Project
This project aims to replicate the Pytorch’s api for tensor operations and auto differentiation
Experience
This project was initially motivated by Andrej Karpathy video on back-propagation, where he built a auto differentiation project but for single values. Using this as a basis I thought that extending this to tensors would be straight forward but … it wasn’t as easy as I though (as always).
The full code project was divided on the Tensor Operations and the Auto Differentiation of these operations. Implementing the initial parts of the library was quite simple following Edward Z. Yang blog post on PyTorch internals i mimicked their methodologies. These mainly included storing the tensor as a flat array and having the values of its shape and strides separately.
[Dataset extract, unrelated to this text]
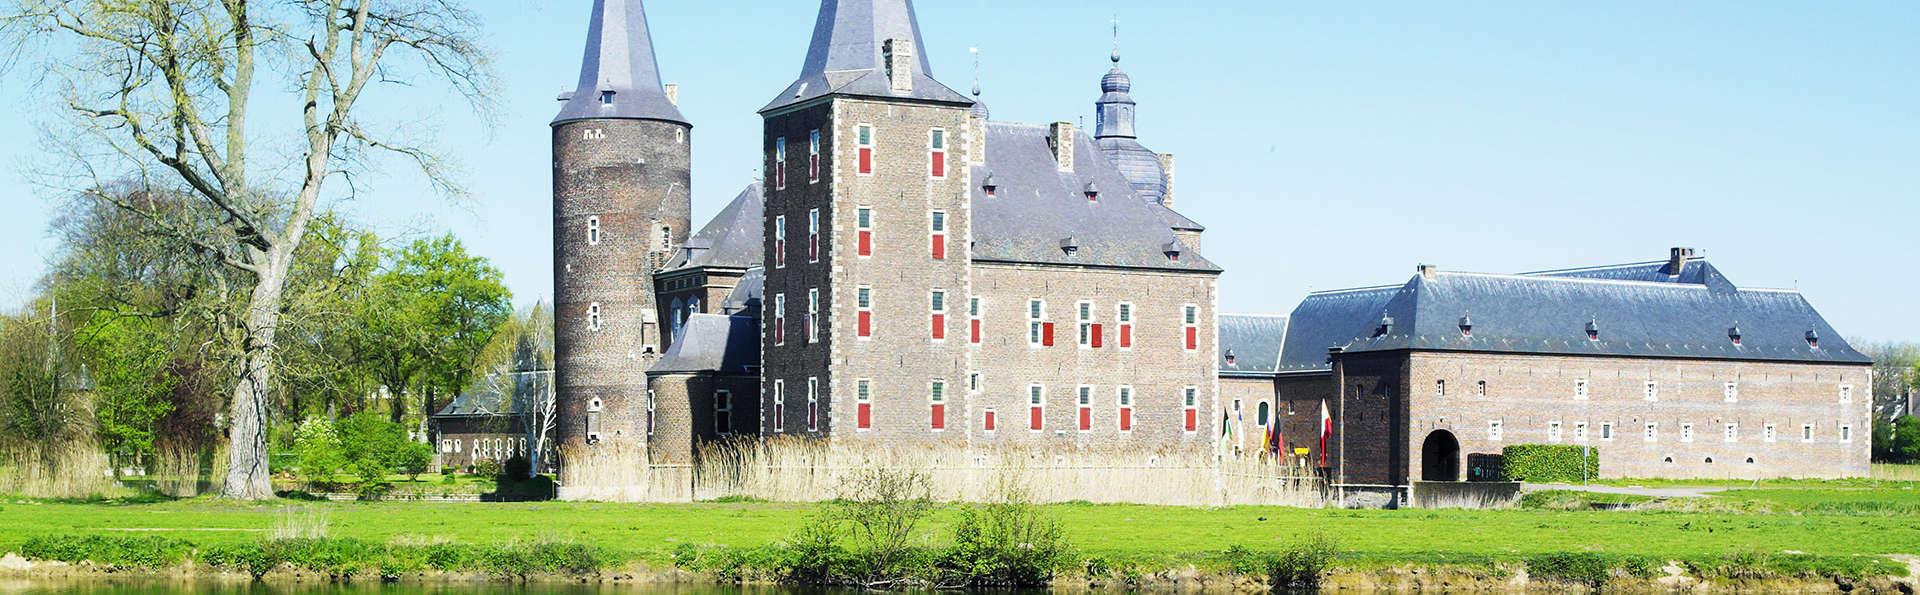 Rêvez et profitez dans la belle ville d'Heerlen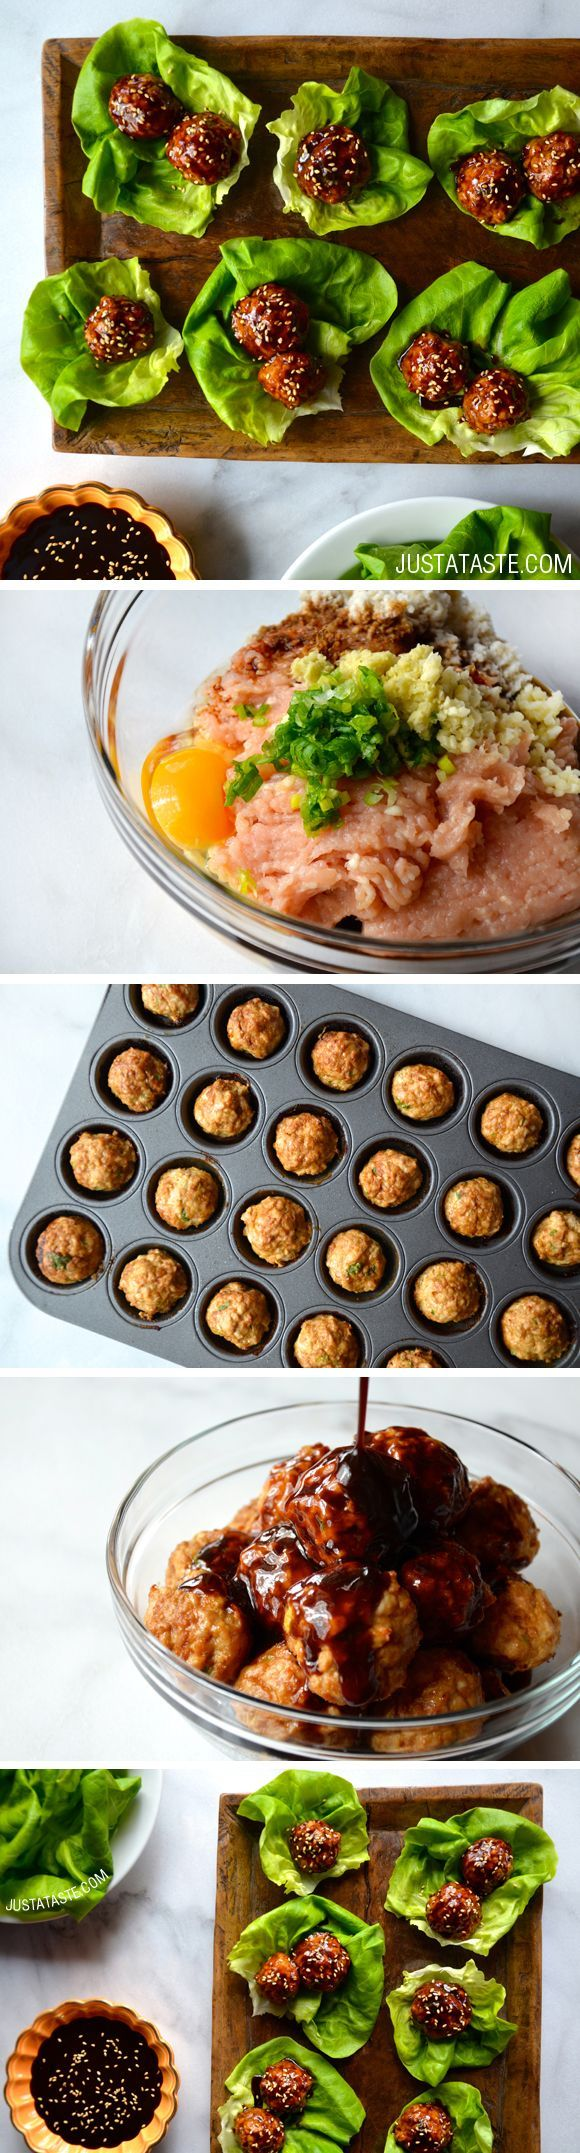 Ground chicken asian lettuce wrap recipe

After building the foundation, (operations add, subtract, etc. and their backwards versions), the next challenge was broadcasting. Broadcasting in PyTorch, allows for tensors of different shapes to be used in operations together. This is a powerful abstraction, as it allows you to do the following:
a = torch.randn(3, 4)b = torch.randn(4)c = a + bWhere the tensor b is broadcasted from [1, 4] -> [3, 4] by repeating the values of b 3 times. The implementation of this was not simple. Having to translate from multidimensional indices to flat indices was tough! But it did force me to have a deep understanding of how this process is done. In short in the tensor object we store a strides vector, which tells us how many places to move (in a flat array) to get to the next element in that dimension. For example, if we have a tensor of shape (3, 4) and strides (4, 1), to move one element in the first dimension we need to move 4 places in the flat array, and to move one element in the second dimension we need to move 1 place. Using this and an iterator in Rust we can generate the corresponding indices for the tensors in the operation through their broadcasted shape.
But it does not end there! Once the shapes can be broadcasted, we need to implement the backwards pass. This is where the fun begins! The backwards pass now needs to be aware of this broadcasting and the gradients should flow accordingly. This was a bit tricky, as in some operations the input tensors must be operated with the gradients, which could be of a different shape. This meant broadcasting had to also happen in the backwards pass, and once the gradients are calculated accordingly they should be UN-broadcasted back to the original shape.
All good fun! Although hard to implement, I enjoyed it a lot!